# NC Shelter will gass all animals 12/22 please resuce or adopt



## Betttie (Jun 11, 2008)

If you can save a life. What a horrible thing to do to kill animals at any time but the week of Christmas !!


http://itsrainingcatsdogsglixman.blogspot.com/2008/12/december-20-2008-animals-will-all-be_20.html


----------



## zimandtakandgrrandmimi (May 8, 2008)

....and on my birthday too...

What a lovely state I live in..


----------



## Betttie (Jun 11, 2008)

I know it is very sad.

Happy Birthday and Merry Christmas.

There are people working in the state to stop the use of gas chambers in the shelters. I posted a couple links on my blog.

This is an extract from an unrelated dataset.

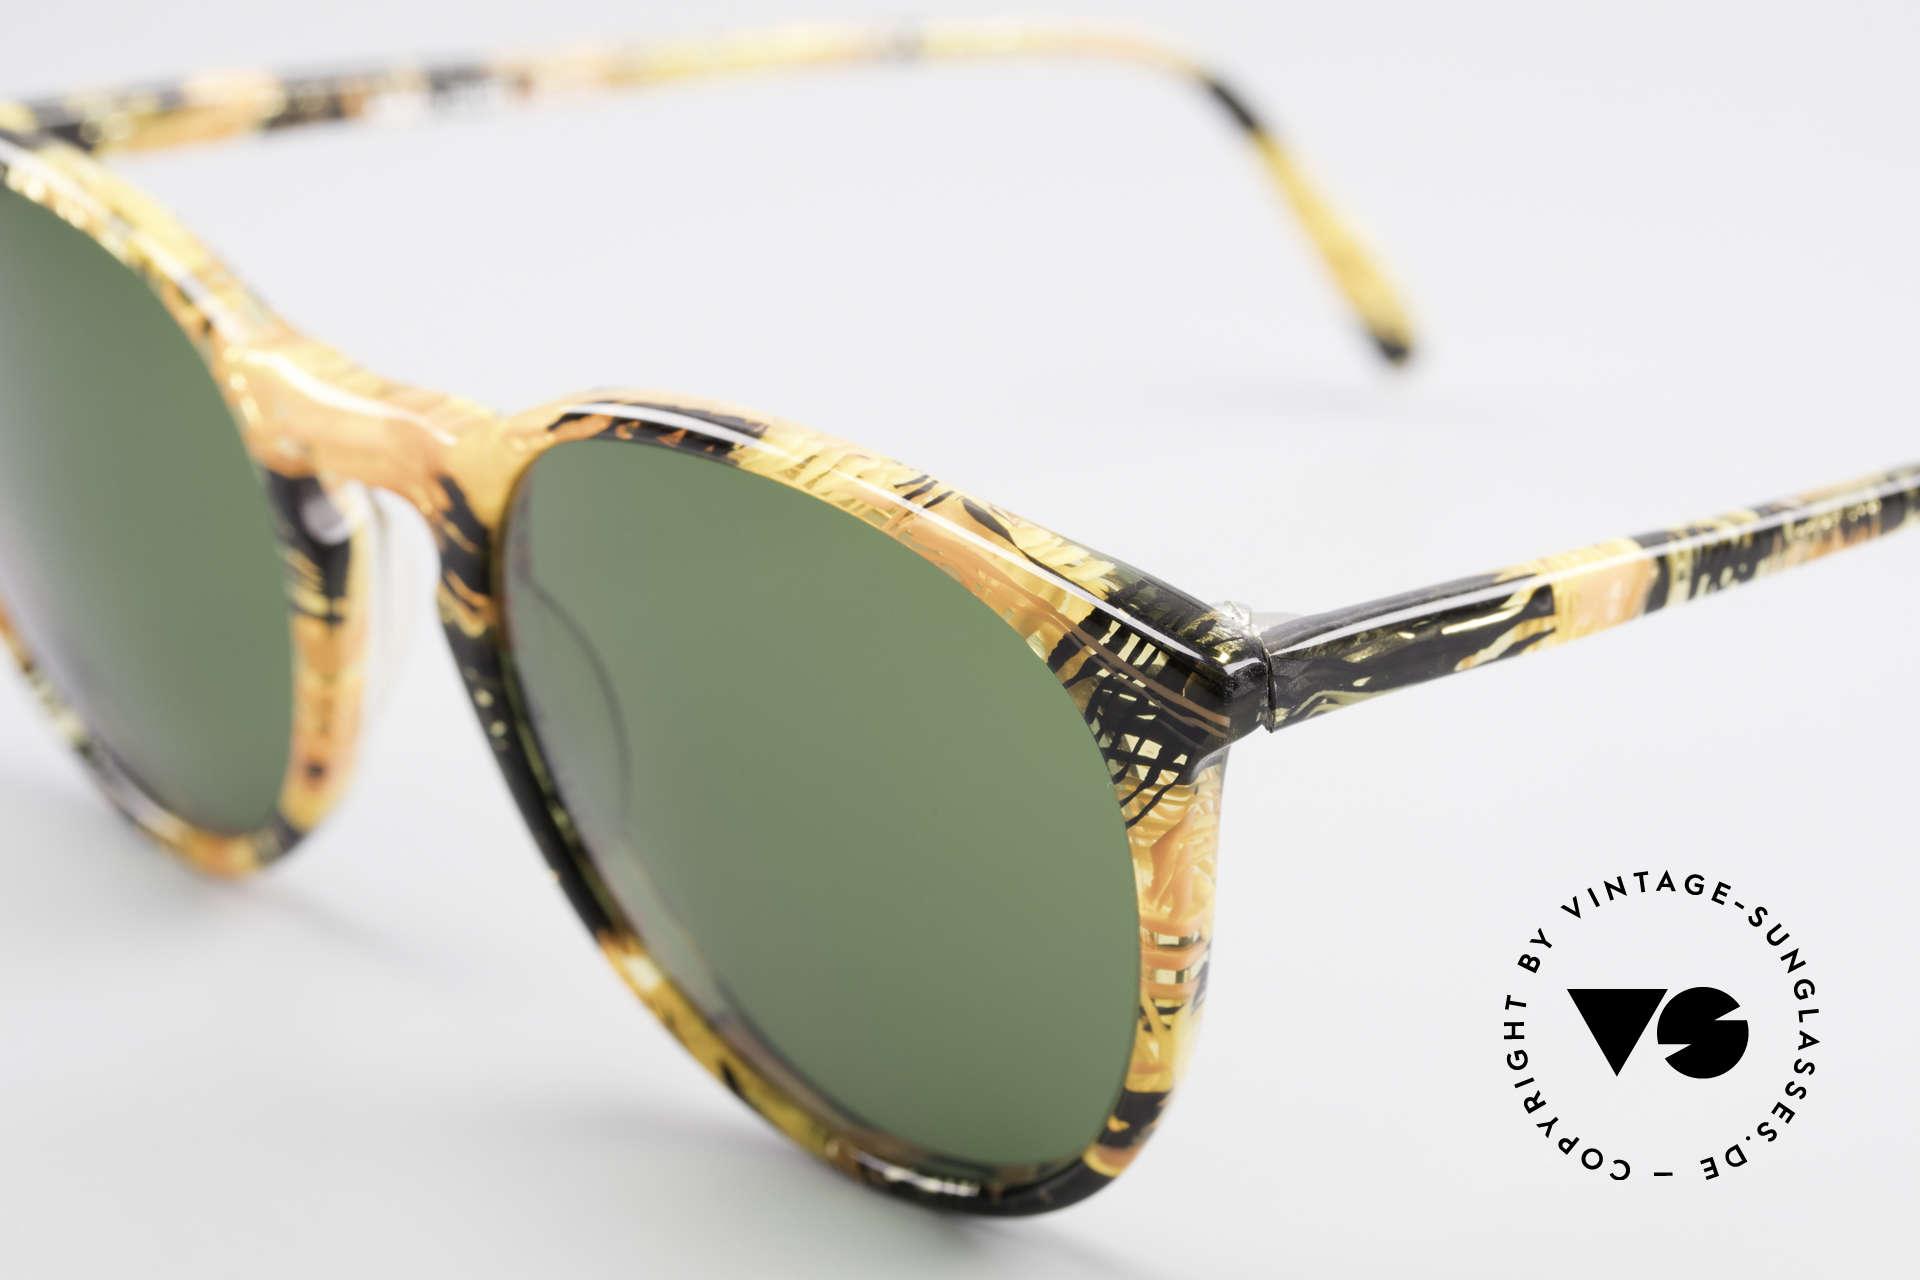 Alain Mikli 901 / 393 Bernstein Optik Panto Brille, grasgrüne Gläser (100% UV); SMALL Größe (123mm), Passend für Herren und Damen

I really hope the rescue groups in NC save the animals at this pound. Usually this time of year people's hearts open more. With the down turn in the economy I hope peoples' hearts still are open. Many of these dogs could be former loved pets. Can you imagine a beloved pets being gassed. It is beyond heartbreaking. people think gassing means going to sleep. Gassing is not painless. The animals suffer. I hope NC will stop gassing and soon.


----------



## 5 s corral (Dec 31, 2007)

how sad 

jamie


----------



## Inga (Jun 16, 2007)

It is a horrid way to go and it is fear and pain as they are shoved into large boxes in large groups. Very sad. I hope it will stop.


----------



## lizalots (Aug 29, 2008)

That makes me sick. Really, really sick.


----------



## Betttie (Jun 11, 2008)

Yes it is horrible. There is some good news. Read the update on the link if you'd like. I am not sure how many animals were rescued or adopted. I listed some.
It is sad for the ones who didn't make it but at least some did.
Spay and neuter is so important. Please support your local rescues and spay neuter programs.

The link has animals from Robeson and Clayton who were rescued. I had a computer glitch and the indidvidual posts for each of these shelters merged. I can't figure out the html problem.


----------